Exercise
Word for word, restate the lines from the one holding "Закат небо дельфины 1400x1050 картинки" through the last line of the material below, and leave every picture out.

Provided data
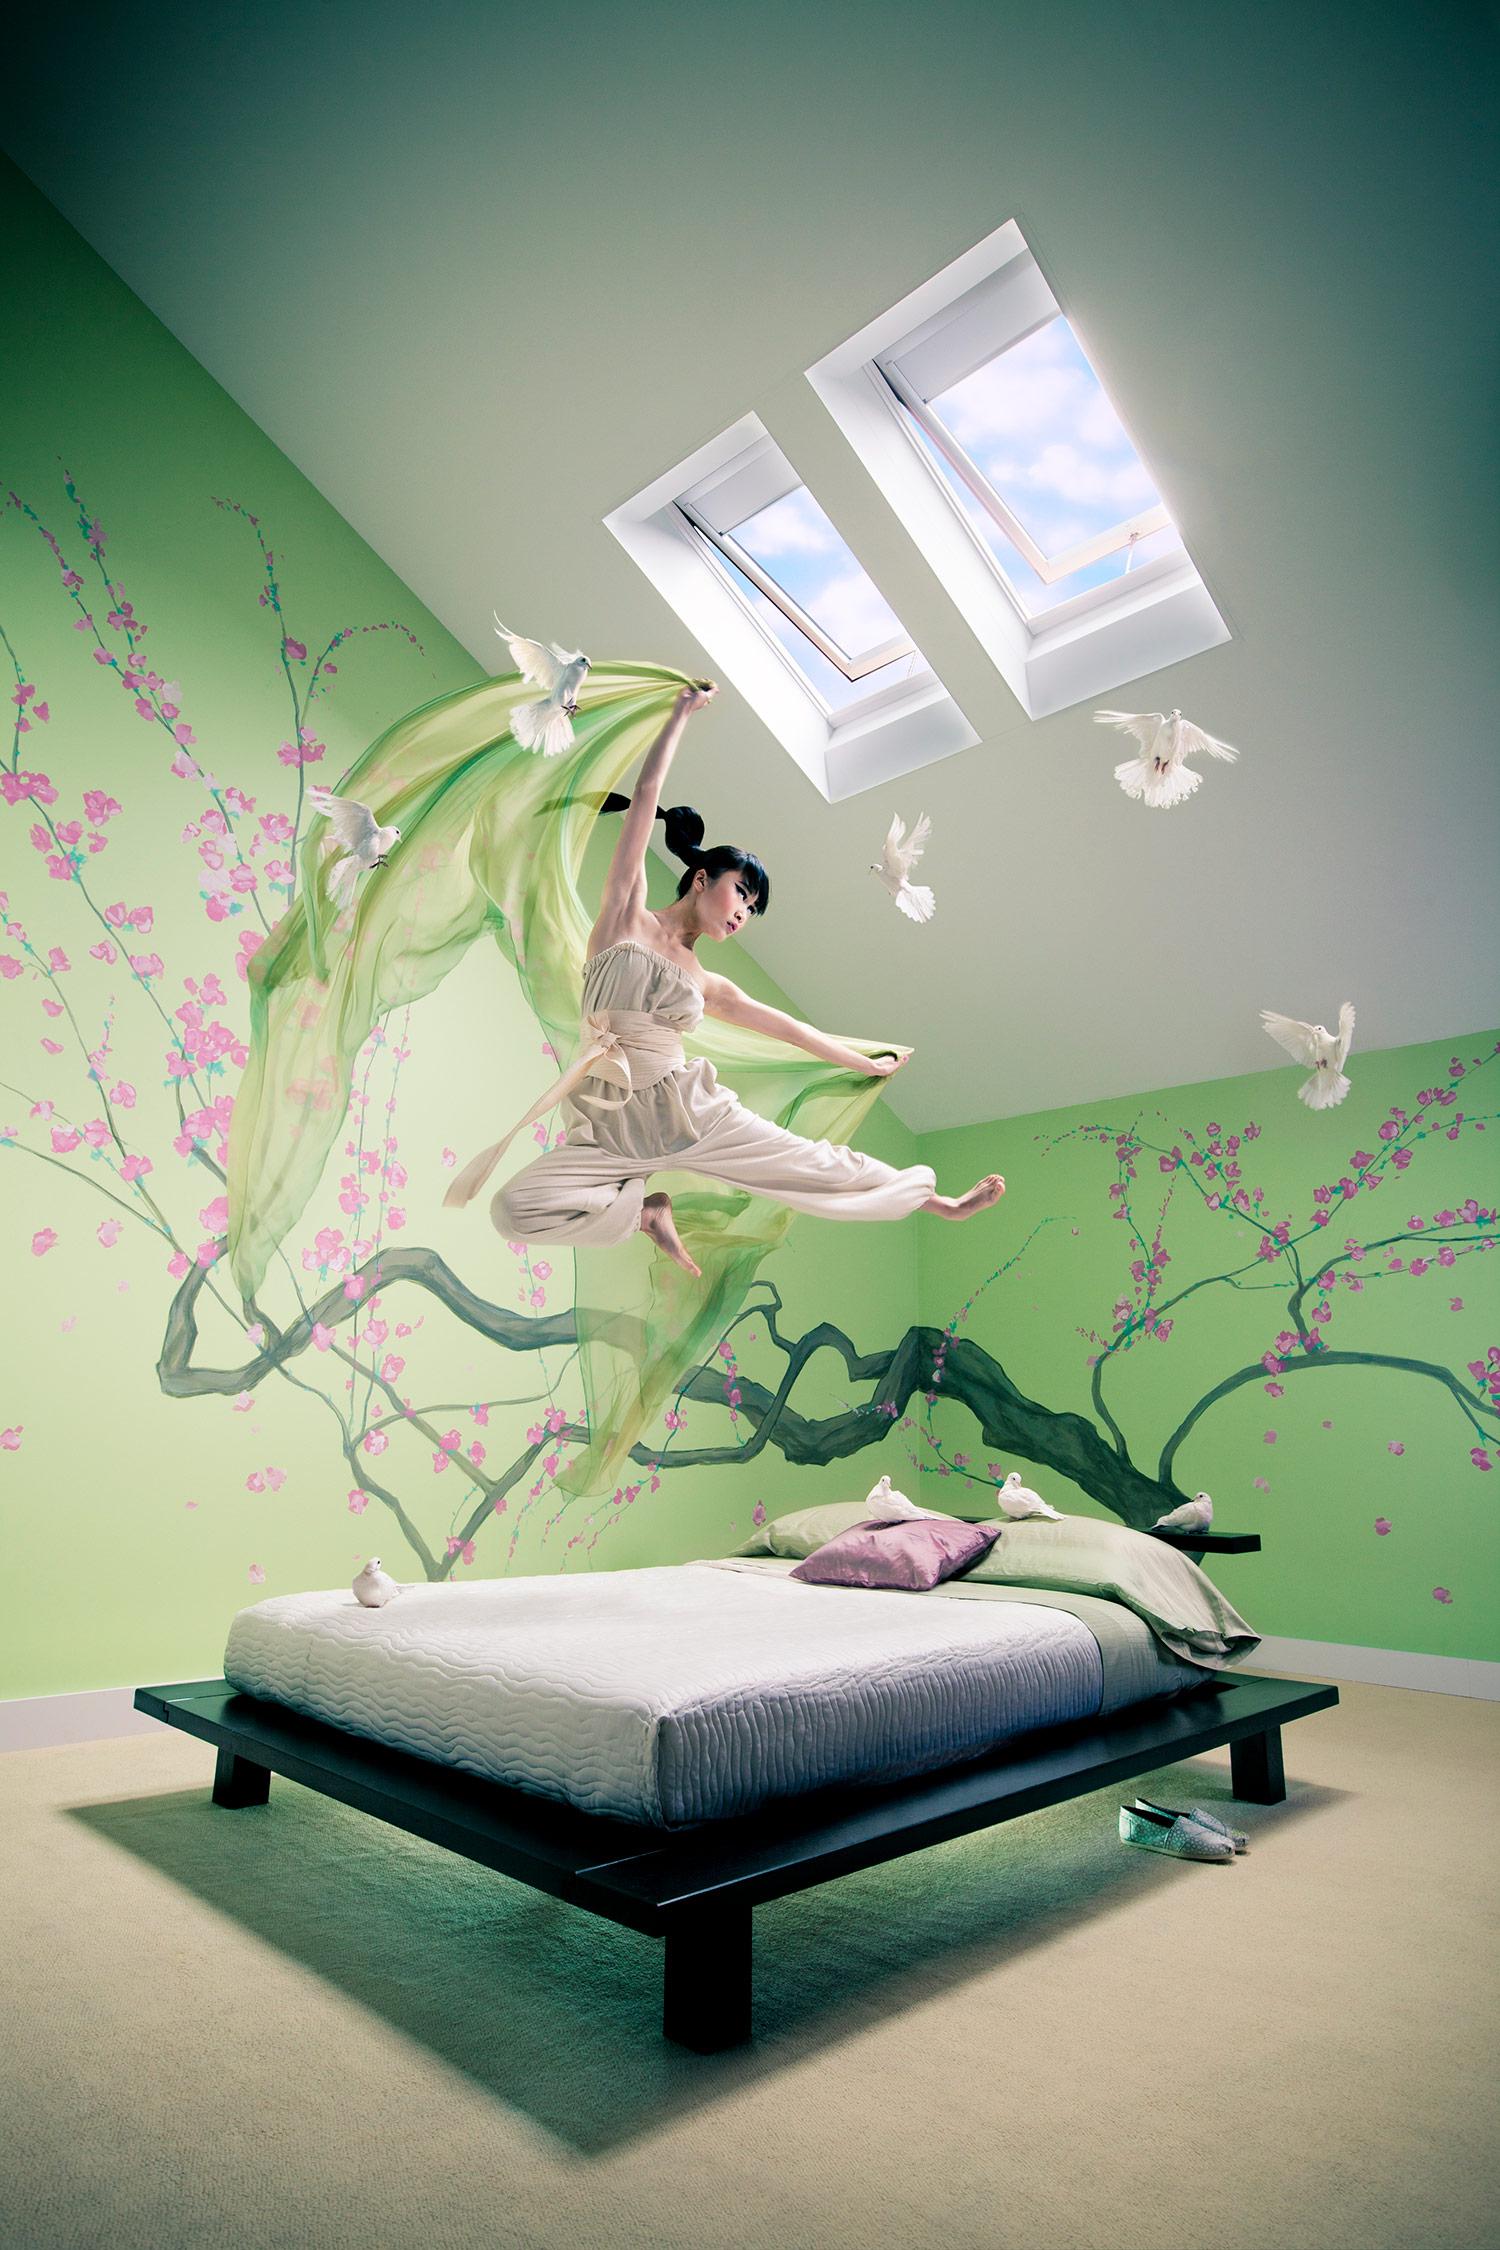 drama_bedroom_v4_flat_cb.jpg
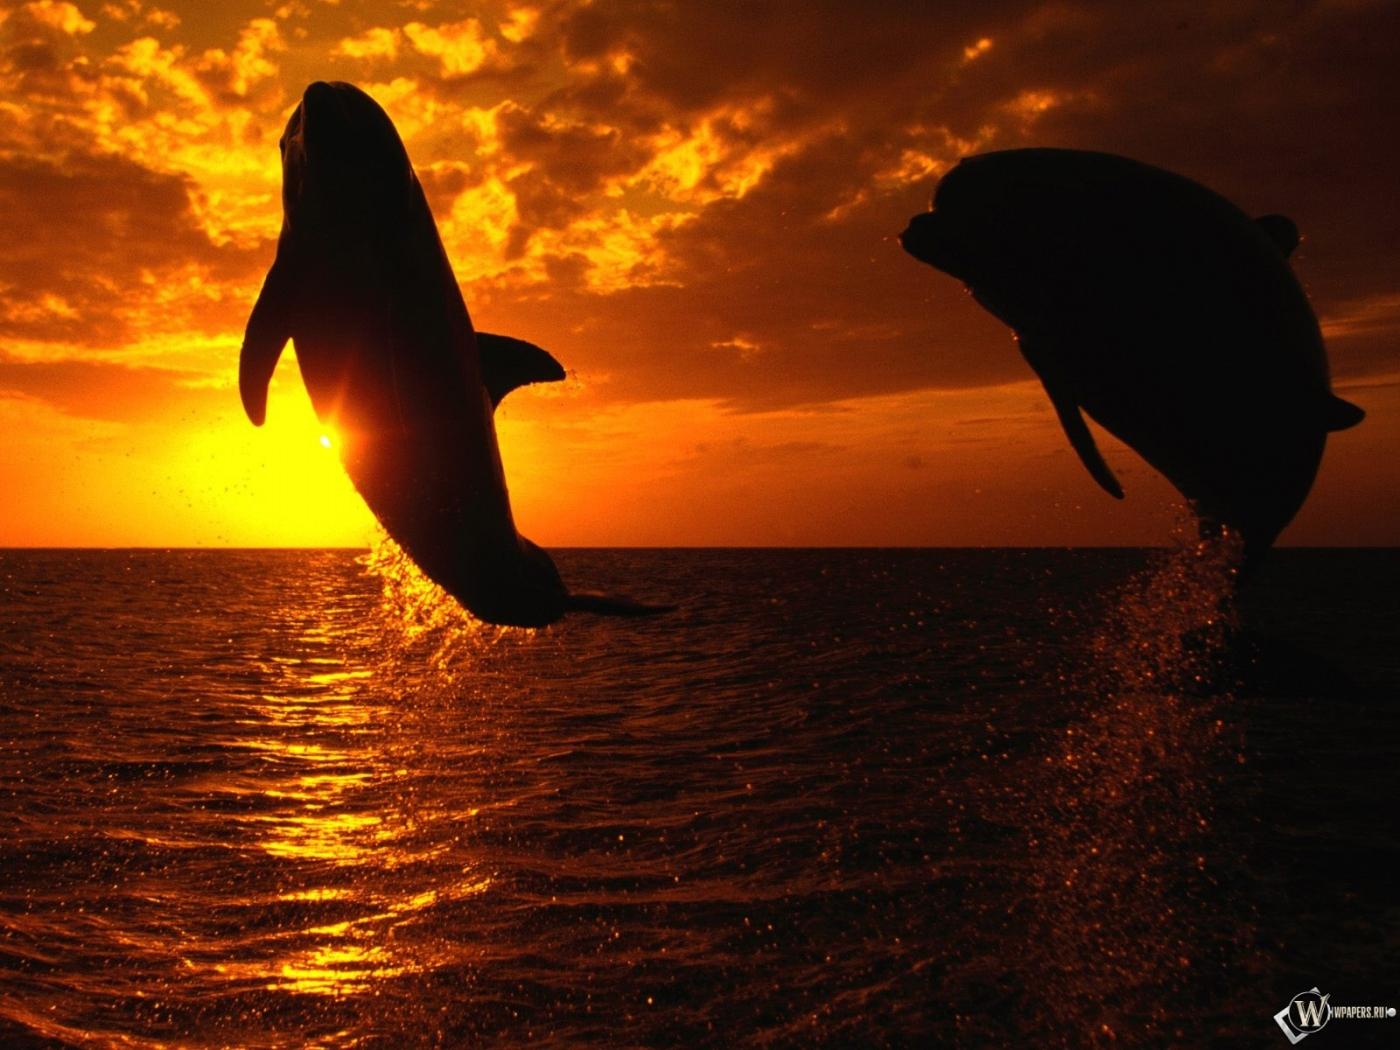 Закат небо дельфины 1400x1050 картинки
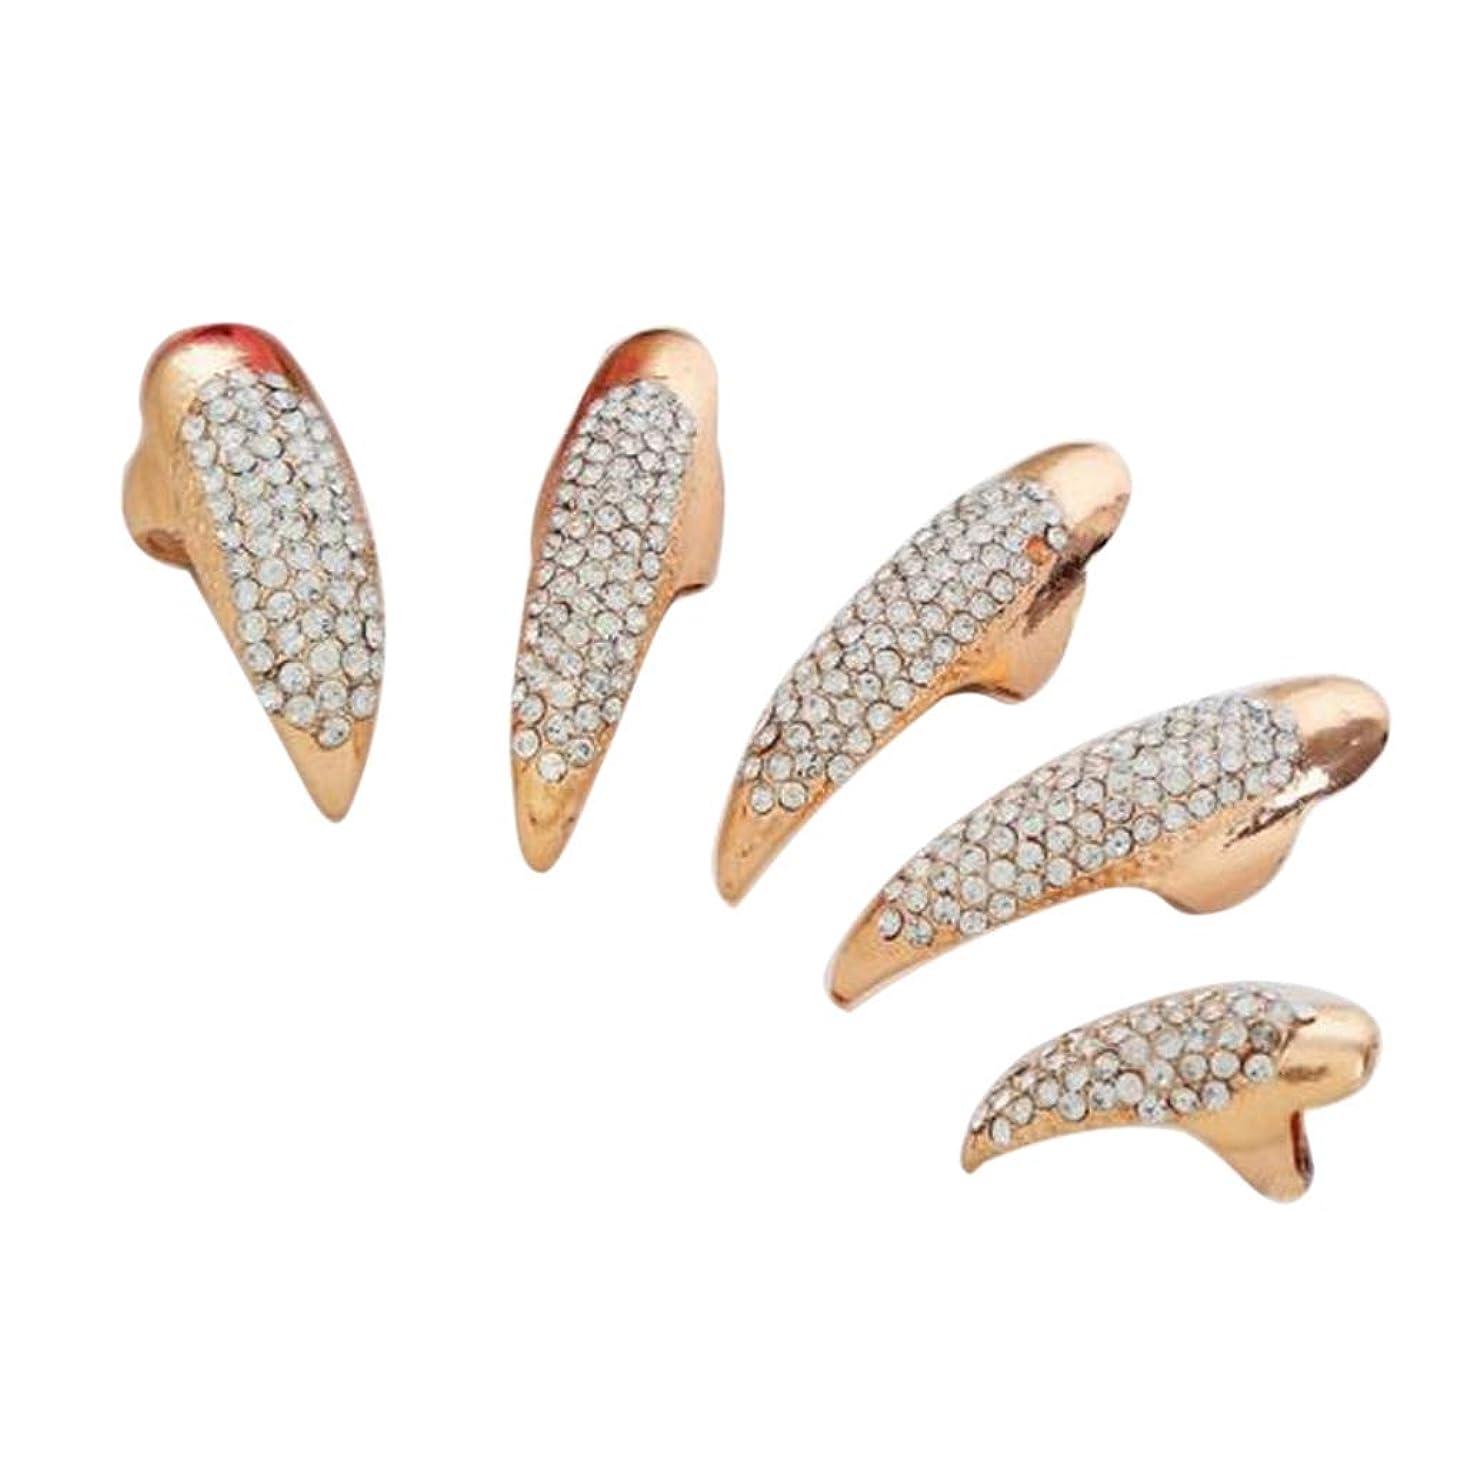 緯度コンパス順応性のあるSharplace 爪リング ネイルチップ ネイルアート 人工の爪 曲げ爪 コスプレ パーティー 2色選べ - ゴールデン

Written answer
 Закат небо дельфины 1400x1050 картинки
 緯度コンパス順応性のあるSharplace 爪リング ネイルチップ ネイルアート 人工の爪 曲げ爪 コスプレ パーティー 2色選べ - ゴールデン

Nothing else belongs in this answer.